He had loved Linsey Hart since fourth grade, since she told him the pointillism project he'd labored to make wasn't the epic failure he thought. Mrs. Greenberg the art teacher had sighed and told him it was interesting, but even at age nine Timmy knew “interesting” was a doubtful proposition.

When they finally kissed, just two years ago, it was very different from the kisses of ordinary girls. It was far from perfect—they'd caused the horrible music of tooth on tooth, and then when he went in for a second attempt he'd accidentally bitten her lip, but it was the kind of love worth working for. Now they were experts at kissing, and not just kissing—she was the first girl he'd slept with, and he wasn't sure he ever needed to sleep with another; his body missed her body the way another body might miss water when parched.
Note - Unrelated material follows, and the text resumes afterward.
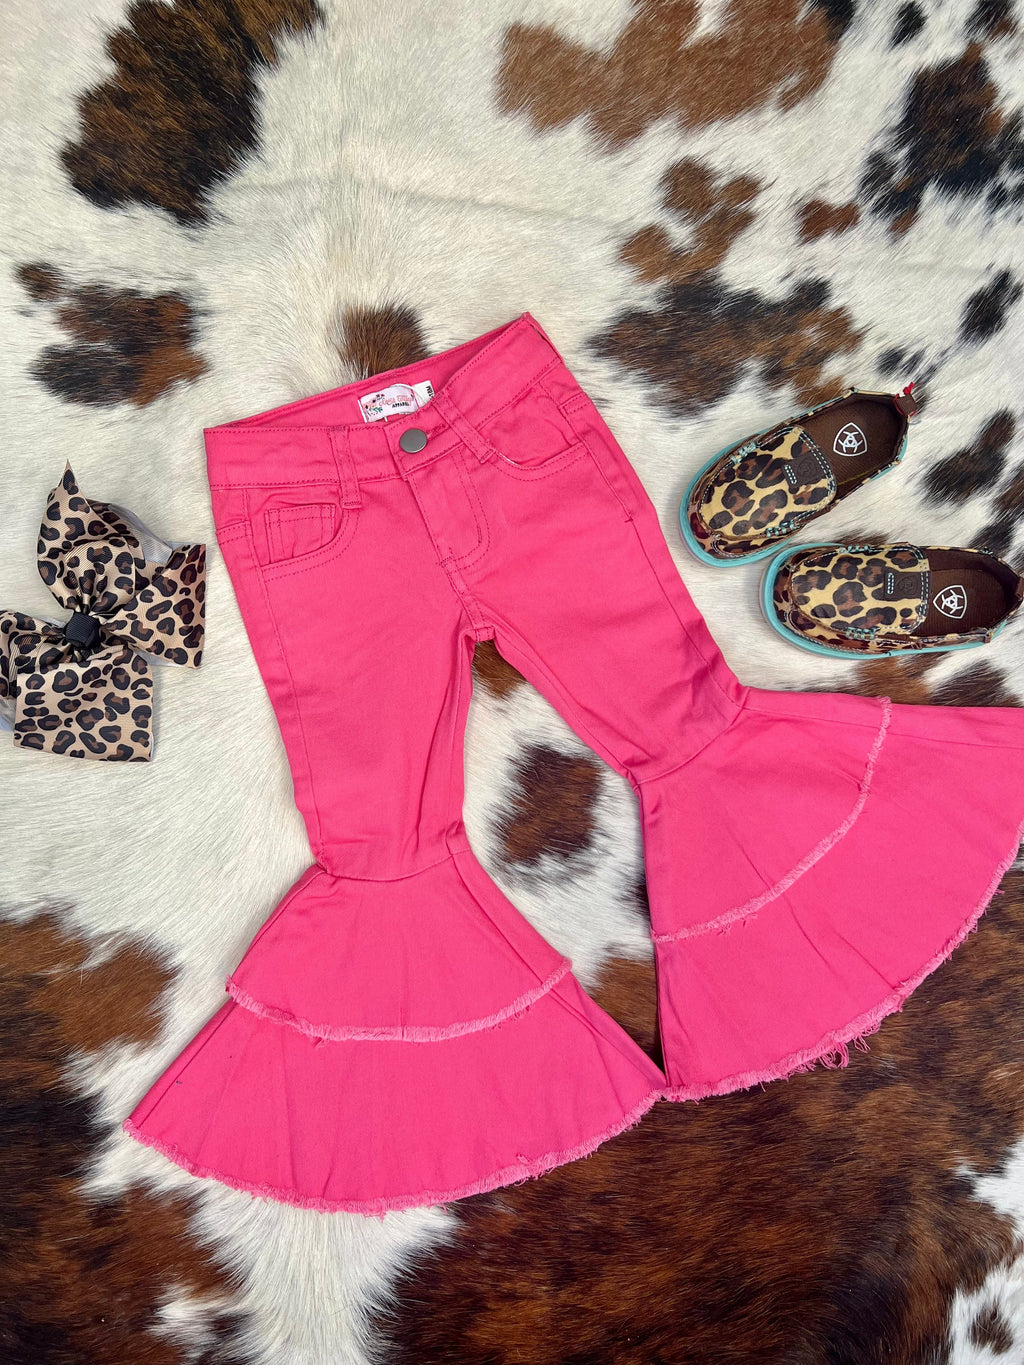 Your The Little Lainey's Pink Bells will be rocking the trendiest jeans around with these cool bell bottoms! With a pink wash and western-style silhouette, these pink fab bell bottoms will have them looking hip and stylish. The double tiered hem gives a unique touch, ensuring their look stands out from the crowd. Time to up their fashion game!

Timmy was packed for college. His mother wasn't at all nervous, not like Linsey's mother, who had pried them apart like halves of a walnut for nut meat. It was wrong. Just because
Abigail
had made a mistake marrying her college sweetheart and grown bitter at the loss of her own possibilities didn't mean Linsey and Timmy couldn't grow together, even by being apart. He'd thought about waiting to enroll at Berkeley—even though he'd applied early and already had his uncle Geoffrey, a gallery owner in San Francisco, arrange for a coveted tiny share apartment in an old Victorian in Berkeley just three blocks from campus—he'd thought it was a mistake to leave her. They hadn't had sex until two weeks before Abigail made her proclamation, and once they had, he couldn't have enough. She couldn't, either. There was nothing old-fashioned about it, and it was far more than anything the music or the TV or the movies or the videos promised—it was better, and it hurt to want something so much. They'd skipped almost a week's worth of classes, coming back to his house after homeroom to tear at each other with need, or to gently explore everything about this way they made something no one else had ever invented.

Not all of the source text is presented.